当社グループが主に取り扱うAtlassian製品は、先進テクノロジの代表格となるもので、アジャイル開発やDevOpsを支える管理システムであります。
また、日本国内における先進テクノロジ導入は海外に対して遅れており、調査会社の調査によると、日本におけるアジャイル開発の浸透は、海外と比較して5年程度のタイムラグがあるものと推察され、アジャイル開発が国内に浸透していく流れの中で、国内におけるAtlassian社のソフトウェア導入は今後も進展していくものと認識しております。
(5) 事業上及び財務上の対処すべき課題
当社グループは継続的な成長を目指すため、対処すべき課題を以下のとおり設け、その実現のための施策を実施してまいります。
①事業基盤の強化、優秀人材の確保
会社の全体的な収益拡大を行うために、Atlassian製品及びWorkato製品やMiro製品などAtlassian製品以外の先進テクノロジの活用を促すことのできる優秀な営業部員に加え、デジタルトランスフォーメーション(DX)や人工知能(AI)といった先進テクノロジを積極的に取り入れ、これまでにない新たな顧客体験と価値創造を実現していくためにはコンサルティングや自社開発したプロダクトの製品ラインナップを拡充も含めた開発を担うことのできる高い技術力を伴う人材の確保が急務となっております。
当社グループは2023年8月にミッション・ビジョン・バリューを刷新いたしました。新しいミッションに紐づいた新人事制度は2024年3月より運用を開始しており、会社の成長とともに従業員の成長が実現できることを確信しております。また、従業員の多様な働き方に対応するためリモートワーク、フレックスタイム制や時短勤務制度といった制度を導入済みであり、個々人の成長とワークライフバランスを同時に実現をさせることにより、引き続き優秀な人材の獲得に努めてまいります。また、事業の安定化とお客様からの信頼度を高めることを兼ね、認定資格(「Atlassian Accreditations 」をはじめAWS等)の取得については、さらなる認定技術獲得数のアップに努めます。
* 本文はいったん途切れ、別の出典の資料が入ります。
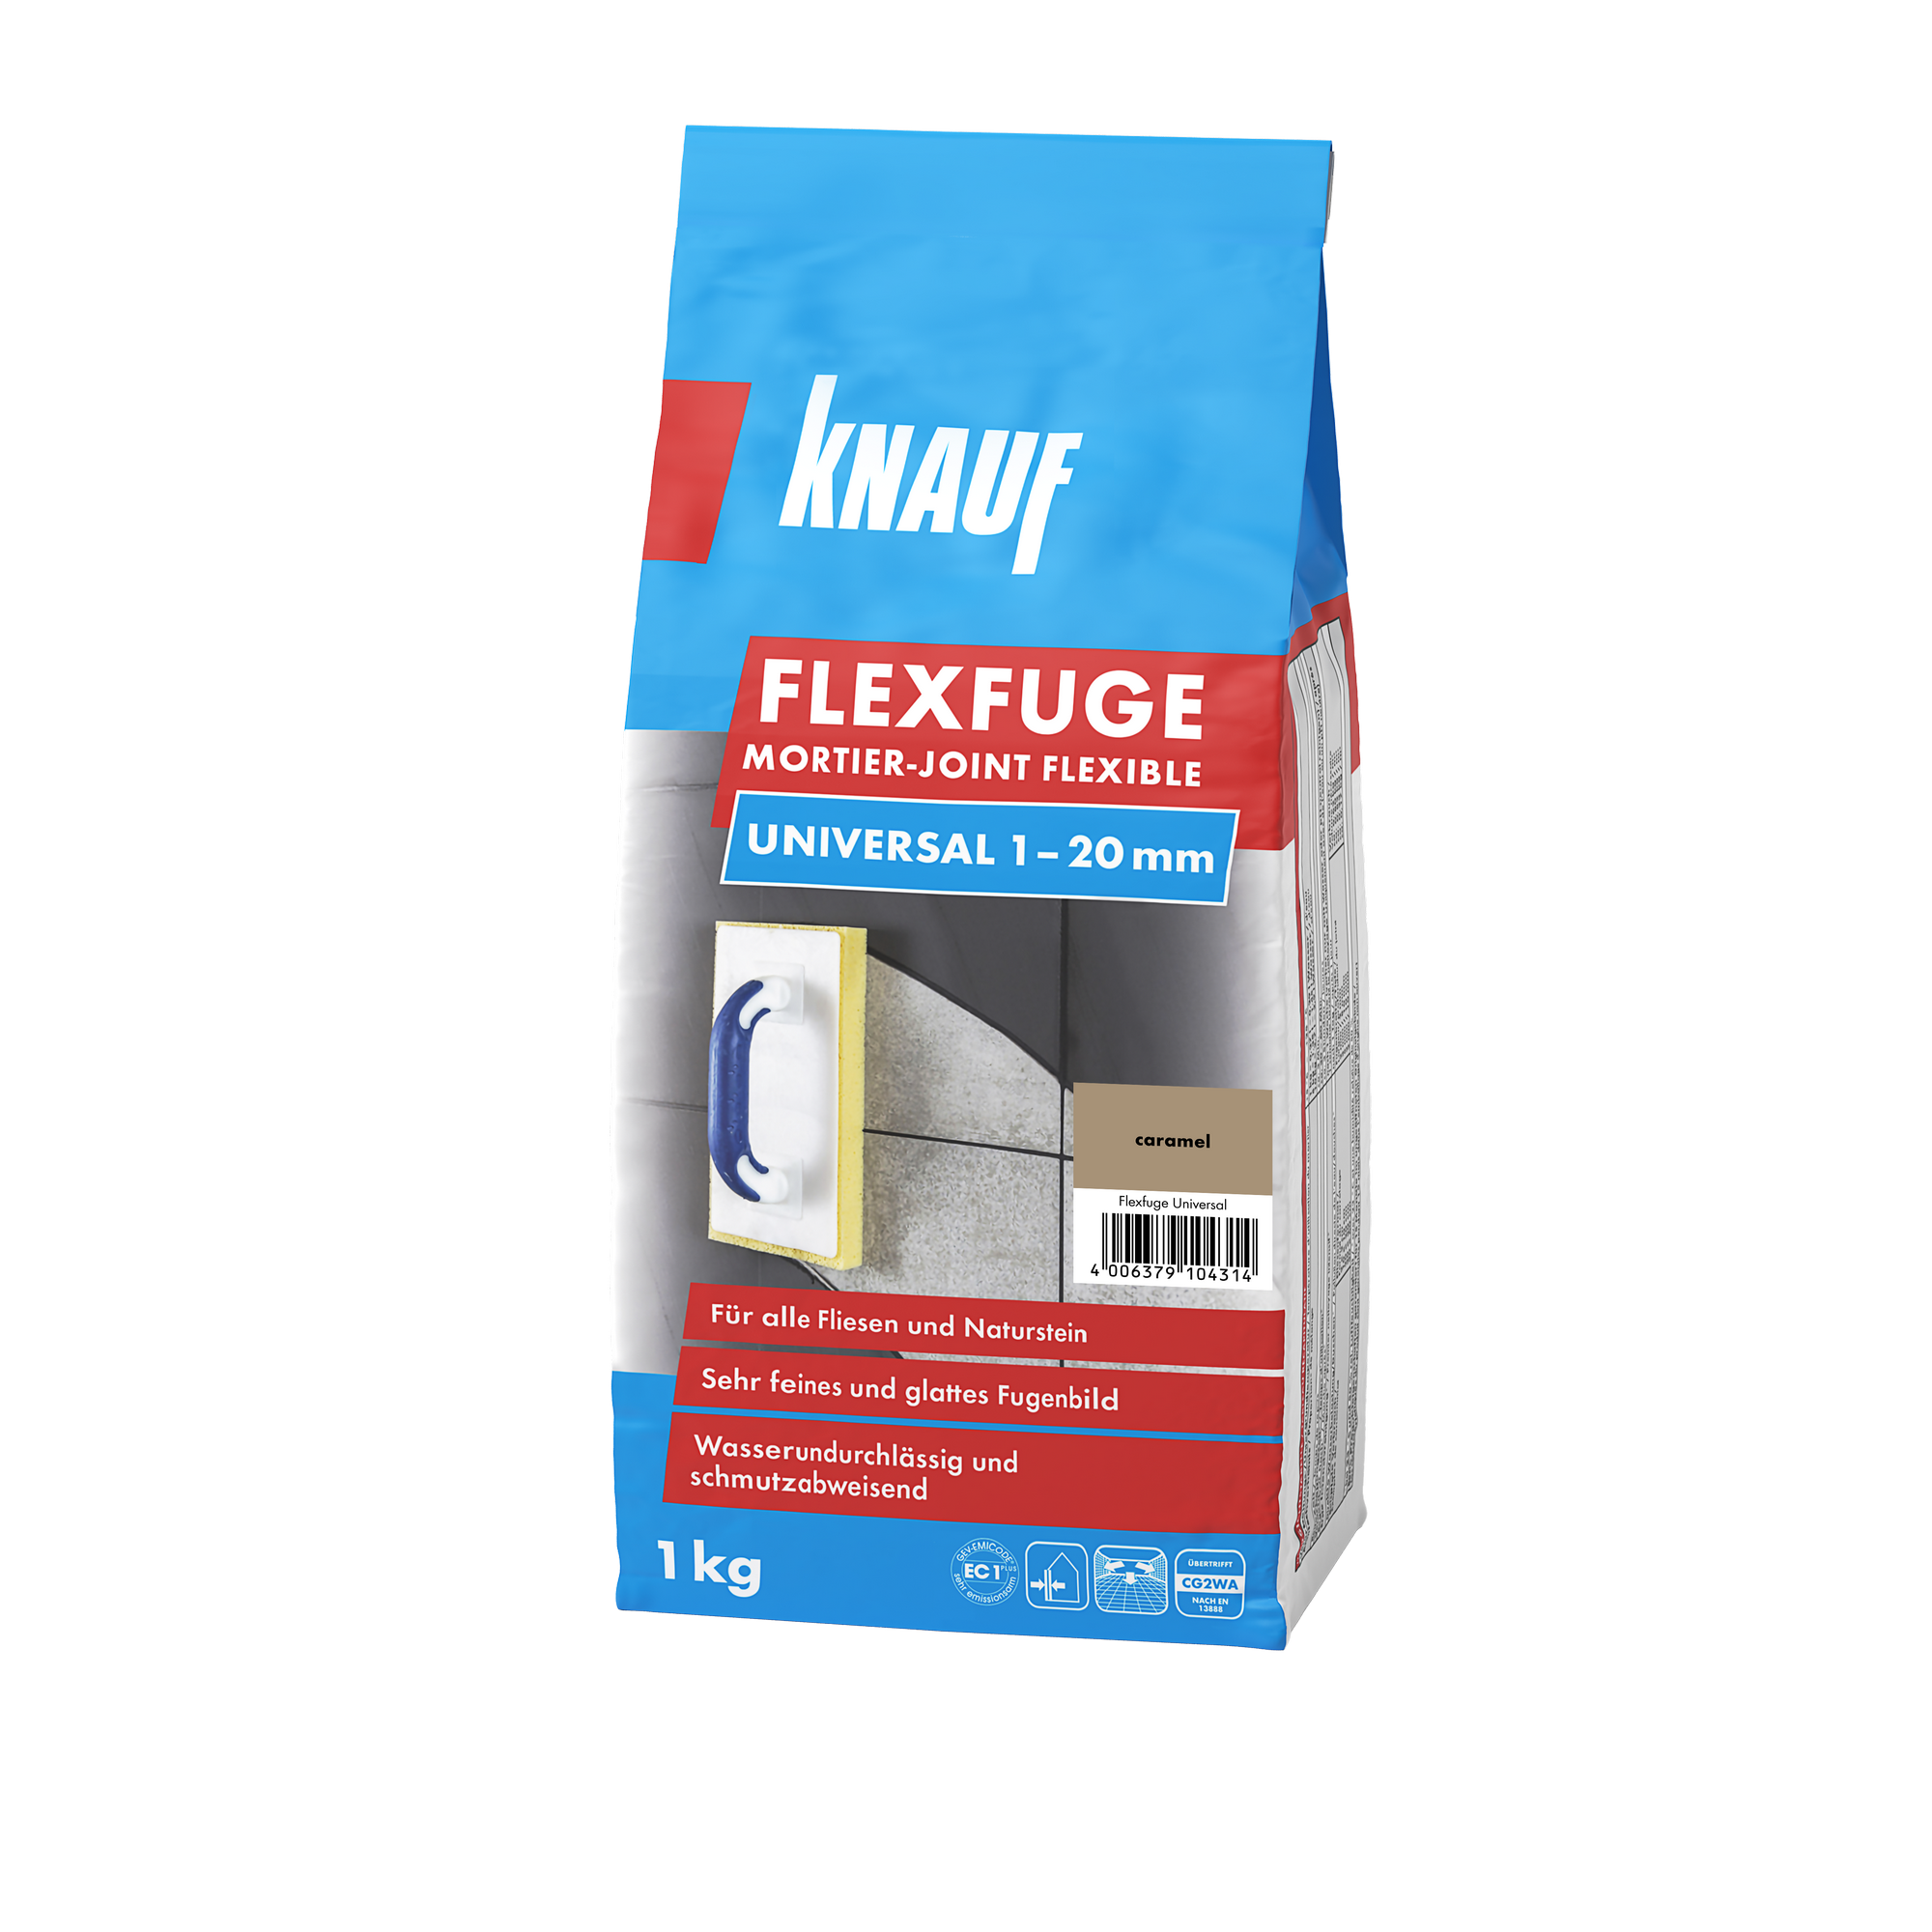 Flexfuge 'Universal' caramel 1 kg + product picture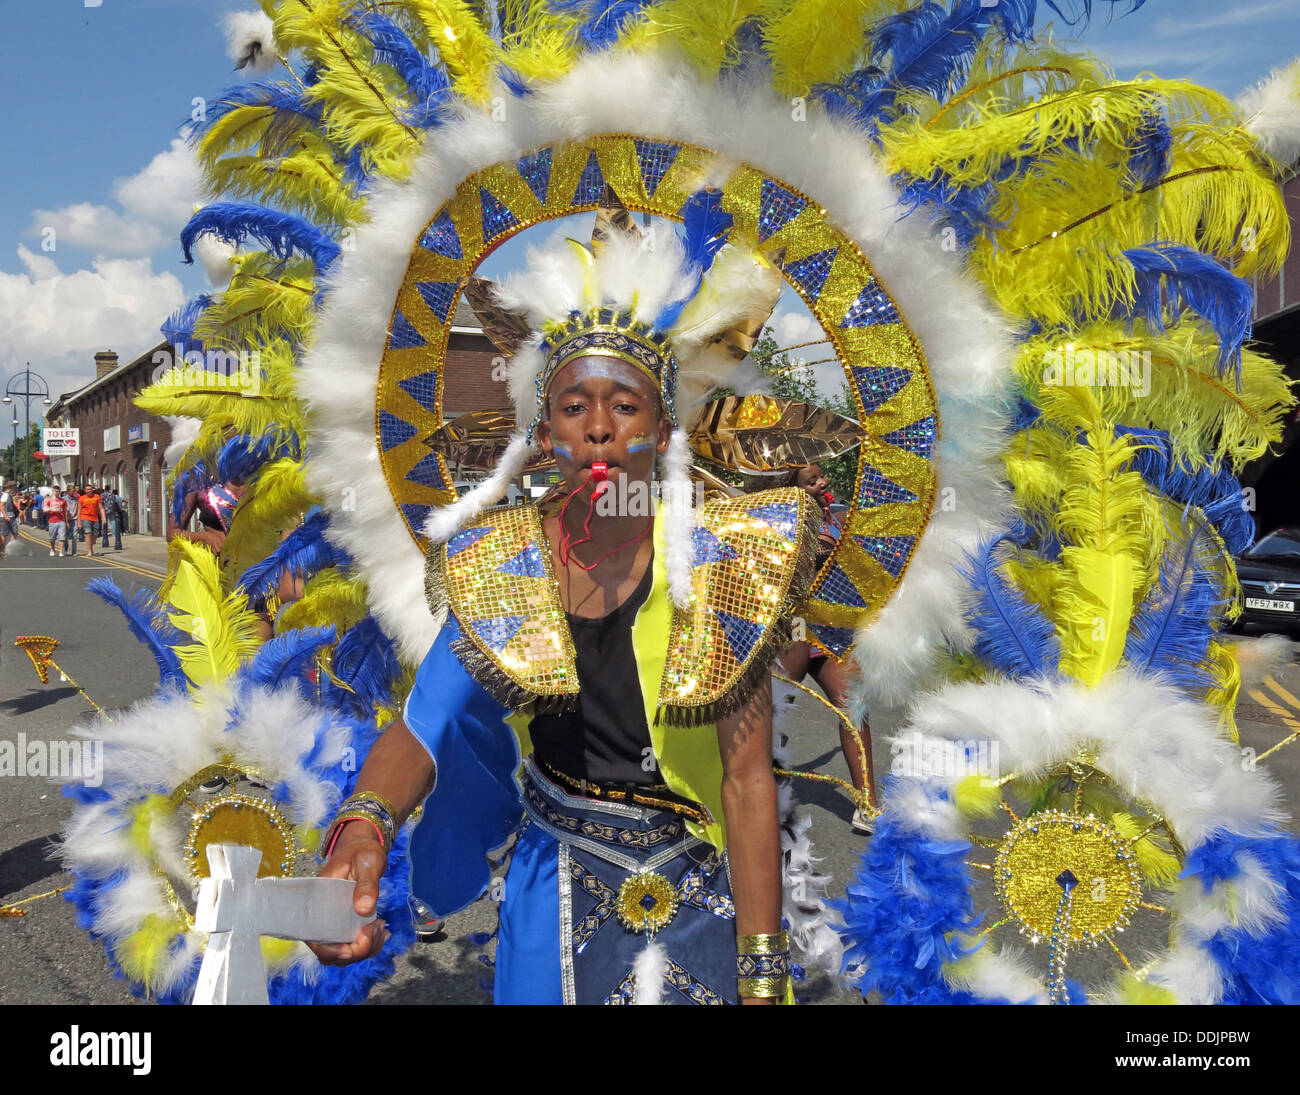 Costume ballerino in blu giallo da Huddersfield Carnevale 2013 Caraibi africani parade street party Foto Stock

その他、要員規模の拡大に伴い法令対応してきた、産業医・衛生委員会の設置、メンタルヘルス対策をはじめ、適切な対策を施し従業員が安心して働ける健康的・衛生的な職場環境を築いてまいります。
②海外での売上拡大に向けてのマーケティング強化とブランド力の向上
自社開発したプロダクトに関しては、日本のみならず海外への売上拡大も見据えた製品開発(各種言語に対応等)を行っています。海外のライバル会社に負けない製品を開発するためクラウド技術とUI/UX力を強化させてまいります。海外子会社は当社の製品を「価値あるツール」として世界に広めるというブランド力の向上も担っております。
③収益基盤の多様化
当社グループは、Atlassian関連事業に特化し、Atlassianの担うプロジェクト管理ツール・コミュニケーションツール市場にて拡大するビジネススタイルを着実に実行し、今日の成長につなげてまいりました。同市場への依存度は当面の間高水準で推移していくと予測されます。従って、Atlassianの担う同市場に変化が生じた場合には、当社の経営成績に影響を及ぼす可能性があります。中長期的にはAtlassian製品以外(Workato製品、Miro製品等)の最先端のツールや新たな顧客体験の提供、価値創造を提案できるコンサルティング等、Atlassian製品に直接依存しない売上を高めていく必要があると考えております。あわせてグローバル市場で成長を続ける自社開発プロダクトについても、引き続き力を入れていきます。
④経営管理体制の強化
当社グループは、市場動向、競合企業、顧客ニーズ等の変化に対して素早くかつ柔軟な対応が可能な組織運営をするため、経営管理体制のさらなる強化を図ってまいります。また、企業価値を継続的に向上させるため、内部統制の構築、セキュリティ対策の強化、企業コンプライアンスなど全役員・従業員が高いレベルの意識を持って取組めるように努めてまいります。
注1.SIer
システムインテグレーターの略で、企業のシステム開発をコンサルティングから運用・保守まで一貫して請け負う企業を指します。主に顧客の経営課題をITで解決するサービスを提供します。
注2.デジタルトランスフォーメーション
2004年にスウェーデンのウメオ大学のエリック・ストルターマン教授が提唱した概念で、「ITの浸透が、人々の生活をあらゆる面でより良い方向に変化させること」。IoT、AI(人工知能)、ビッグデータ・アナリティクス(解析)など、デジタル技術を活用することで、新しい製品やサービス、新しいビジネスモデルを通じて価値を創出し、競争上の優位性を確立すること。
注3.AI
人工知能(artificial intelligence)。人工的にコンピューター上などで人間と同様の知能を実現させようという試み、あるいはそのための一連の基礎技術を指す。
注4.IoT
モノのインターネット(Internet of Things)。センサーやデバイスといった「モノ」がインターネットを通じてクラウドやサーバーに接続され、情報交換することにより相互に制御する仕組み。
注5.AR/VR
ARとは「拡張現実感」「Augmented Reality(オーグメンテッドリアリティ)」のことで、周囲を取り巻く現実環境に、情報を付加・削除・強調・減衰させることによって、人から見た現実世界を拡張するものと定義されている。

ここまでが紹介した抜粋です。